The Finance Minister says the government’s 2022 budget is targeted at empowering Ghanaian entrepreneurs and the business community.
It was under the theme, ‘Building a Sustainable Entrepreneurial Nation: Fiscal Consolidation and Job Creation.’
But some start-ups and small business owners in Kumasi say they are worried the 2022 Budget will rather stifle the growth of the industry.
“We were hopeful of a reduction in fuel prices because of the impact on our businesses,” young businessman, Kofi Asamoah who operates in sachet water and transport business lamented.
For him, the continuous hikes in fuel prices affect his operational cost.
But he is unable to inject that into the unit cost of his product because “sachet water is for those in the lower-income category, an increase just not possible”.
As a result, with a staff of more than 20 people, he is unable to increase their salaries due to the continuous rise in operational costs.
Among the few revelations from the budget was the introduction of 1.75 e-levy on MoMo transactions exceeding 100 cedis per day and other electronic transactions – Bank Transfers, merchant payments, Inward remittances to be borne by the sender, except the remittance which will be born by the receiver.
The budget revealed some 120 percent in digital transactions in 2020. MoMo transactions for 2020 were estimated to be over 500 billion cedis compared to 78 billion cedis in 2016 just five years ago.
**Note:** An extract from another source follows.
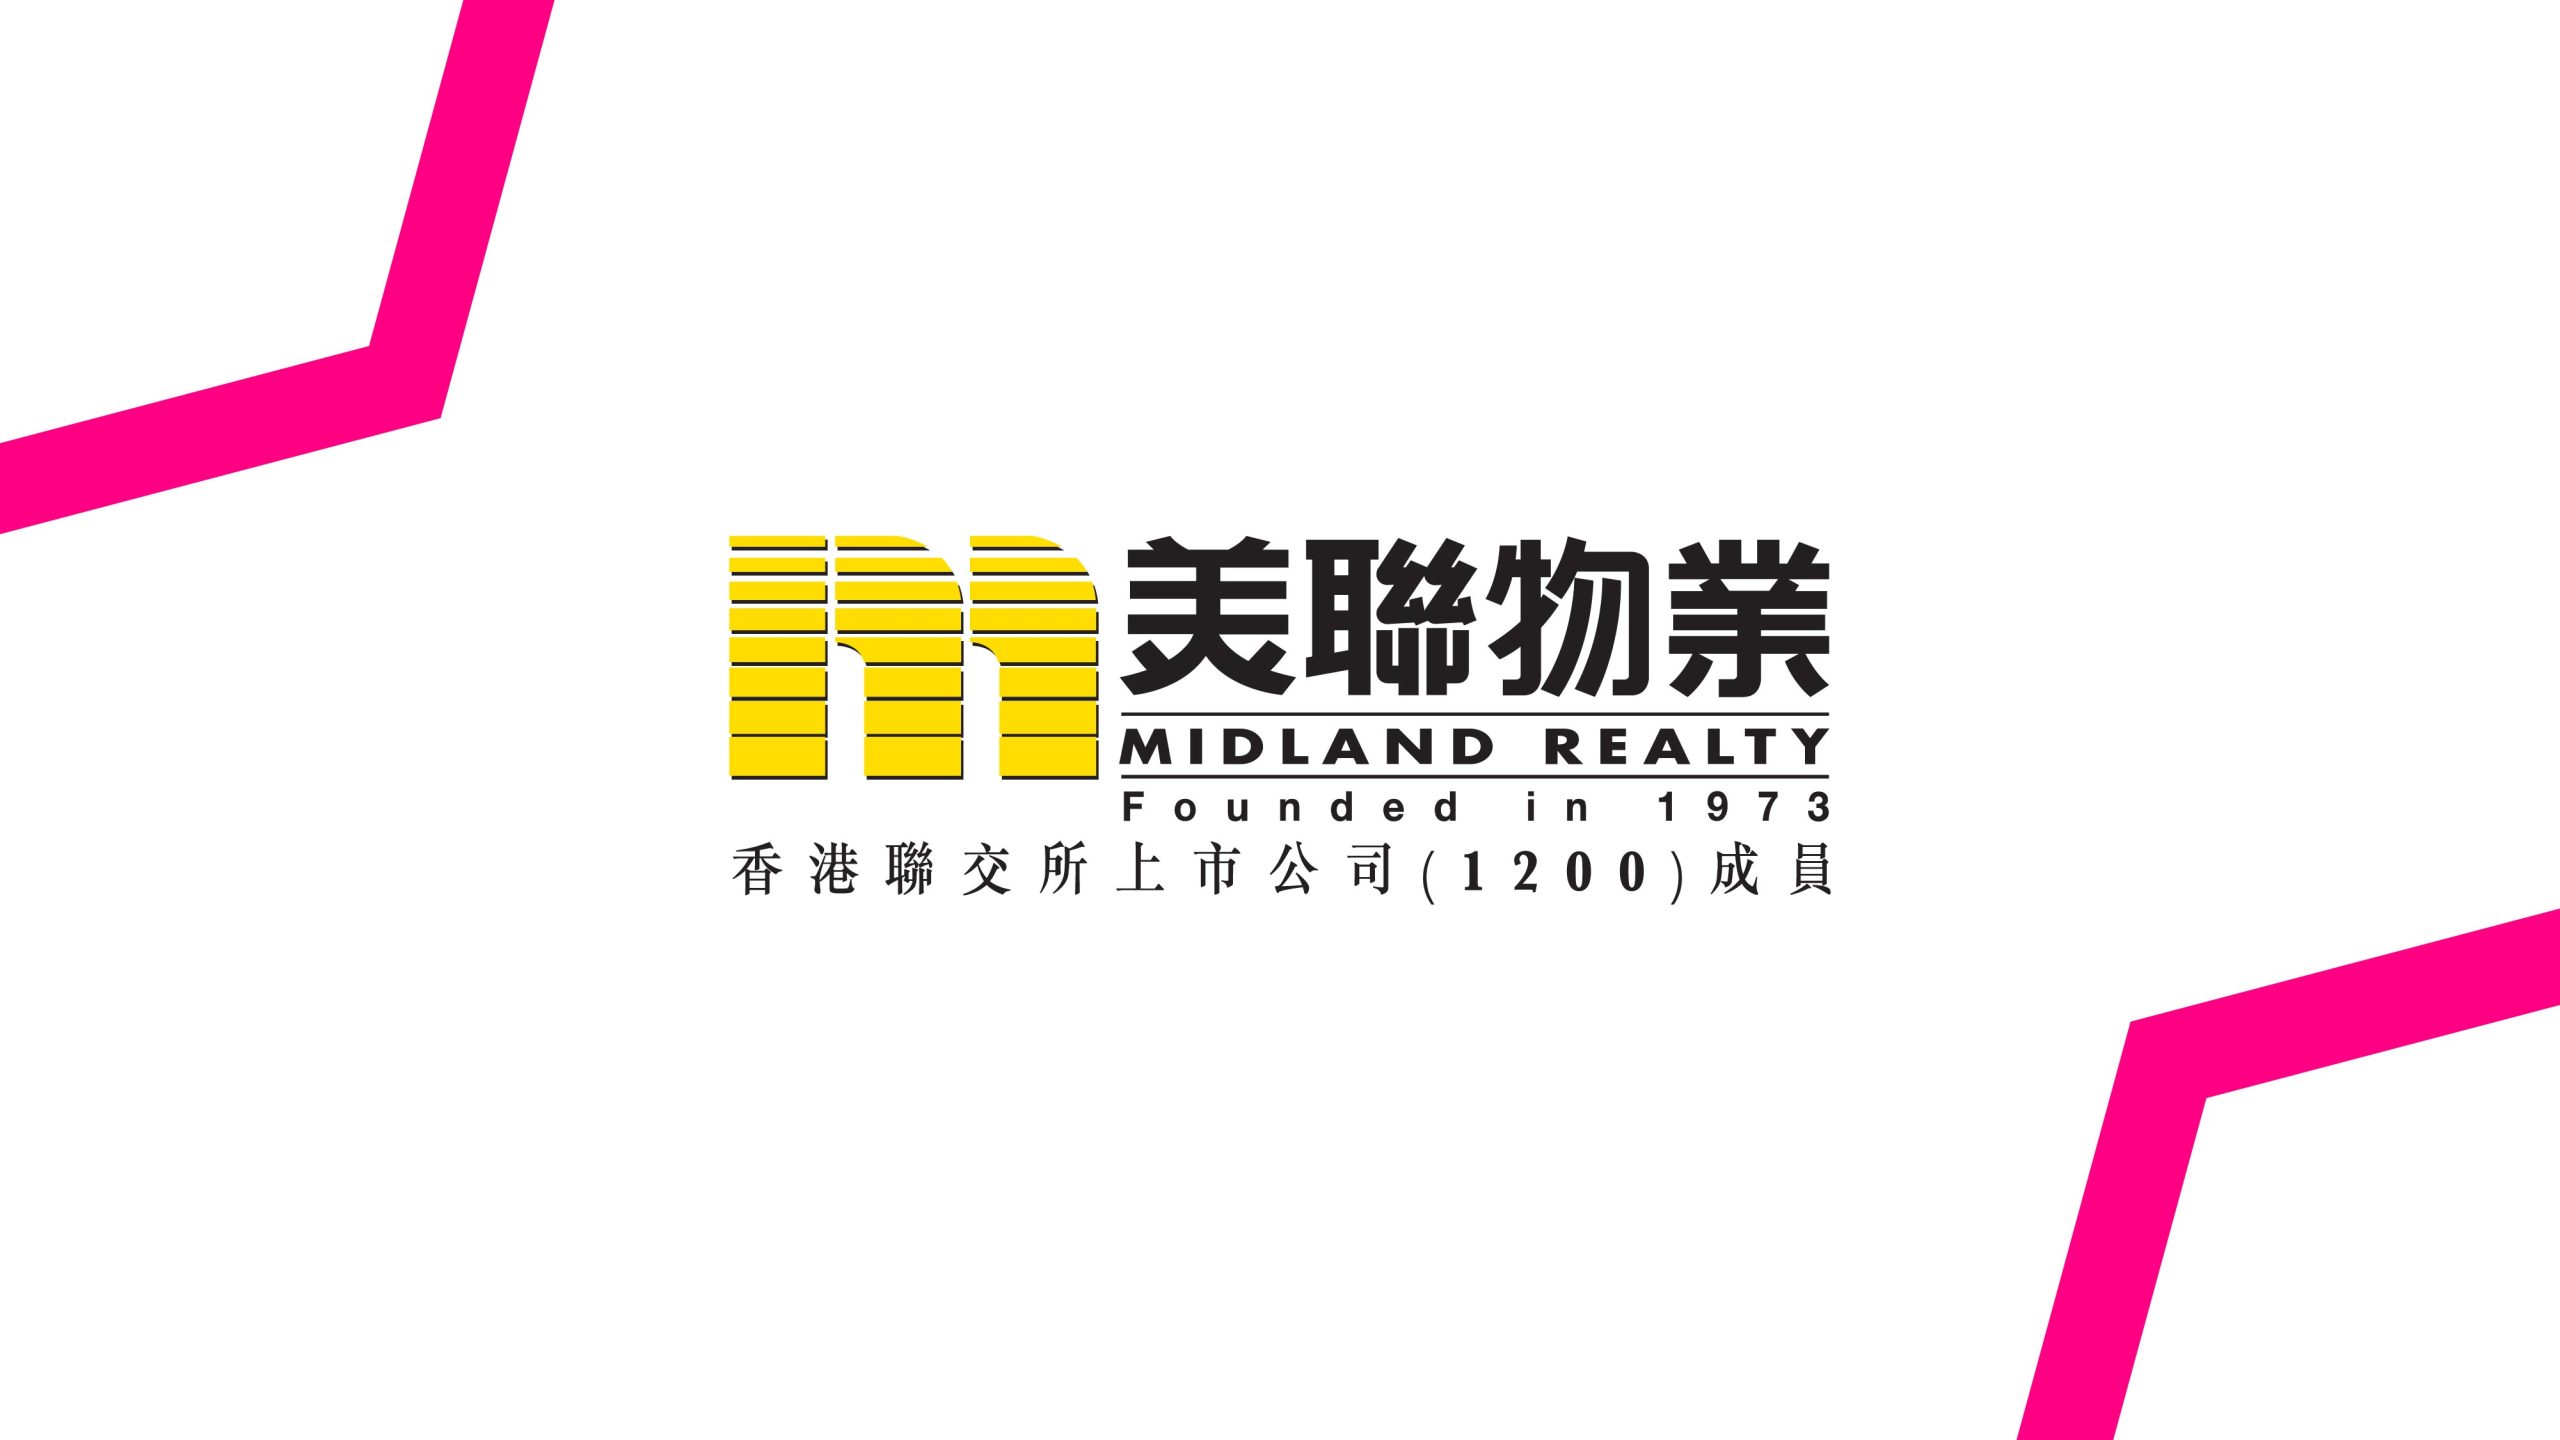 Strategic supply partnership is announced with Midland Realty, exclusive media owner in the Real Estate sector across North Asia

Businessman Kofi for instance expends between 5,000 and 10,000 cedis in MoMo transactions daily interacting with his suppliers and other petty transactions.
This new directive will mean, he will be incurring extra 20,000 to 4,500 cedis on his monthly transactions in addition to what the existing telco charges on the same transactions.
“i am disappointed in the budget”, he said.
While some say this will affect their operations, others indicate that the initiative may be contradictory to the digitization drive the Vice President, Dr Mahmund Bawumia, has been encouraging Ghanaians to embrace.
Government’s financial inclusion agenda is therefore being threatened. It could see a major setback.
Other Initiatives
The 2022 budget has benchmark values abolished, road tolls scrapped and withholding taxes reduced to 1.5 percent. There was the announcement of the YouStart Initiative as well meant to capitalise on the SME, start-up, entrepreneurship ecosystem in the country.
One billion Cedis every year for a period of three years is a great boost to the sector.
In as much as a good number of the businesses are excited about government’s effort to support the sector to address the perennial challenge of access to credit by the sector players, there are concerns about access to funds from such initiatives.
“often it is difficult to get such funds because those who might be affiliated politically to the government are those that get to access it. But if that bottleneck is addressed, then it will go a long way to alleviate some of our challenges,” another said.
It was also mentioned that the Banks have been engaged and encouraged to increase their SME portfolios. An initiative that is also important to drive the credit access challenge.
There is however suggestion of a review of the period to pay back loans and bank credits which often put so much pressure on the business community who turn to work for the banks at the end of the day.
Kofi is among the many Ghanaian businesses that had expected more in the 2022 budget.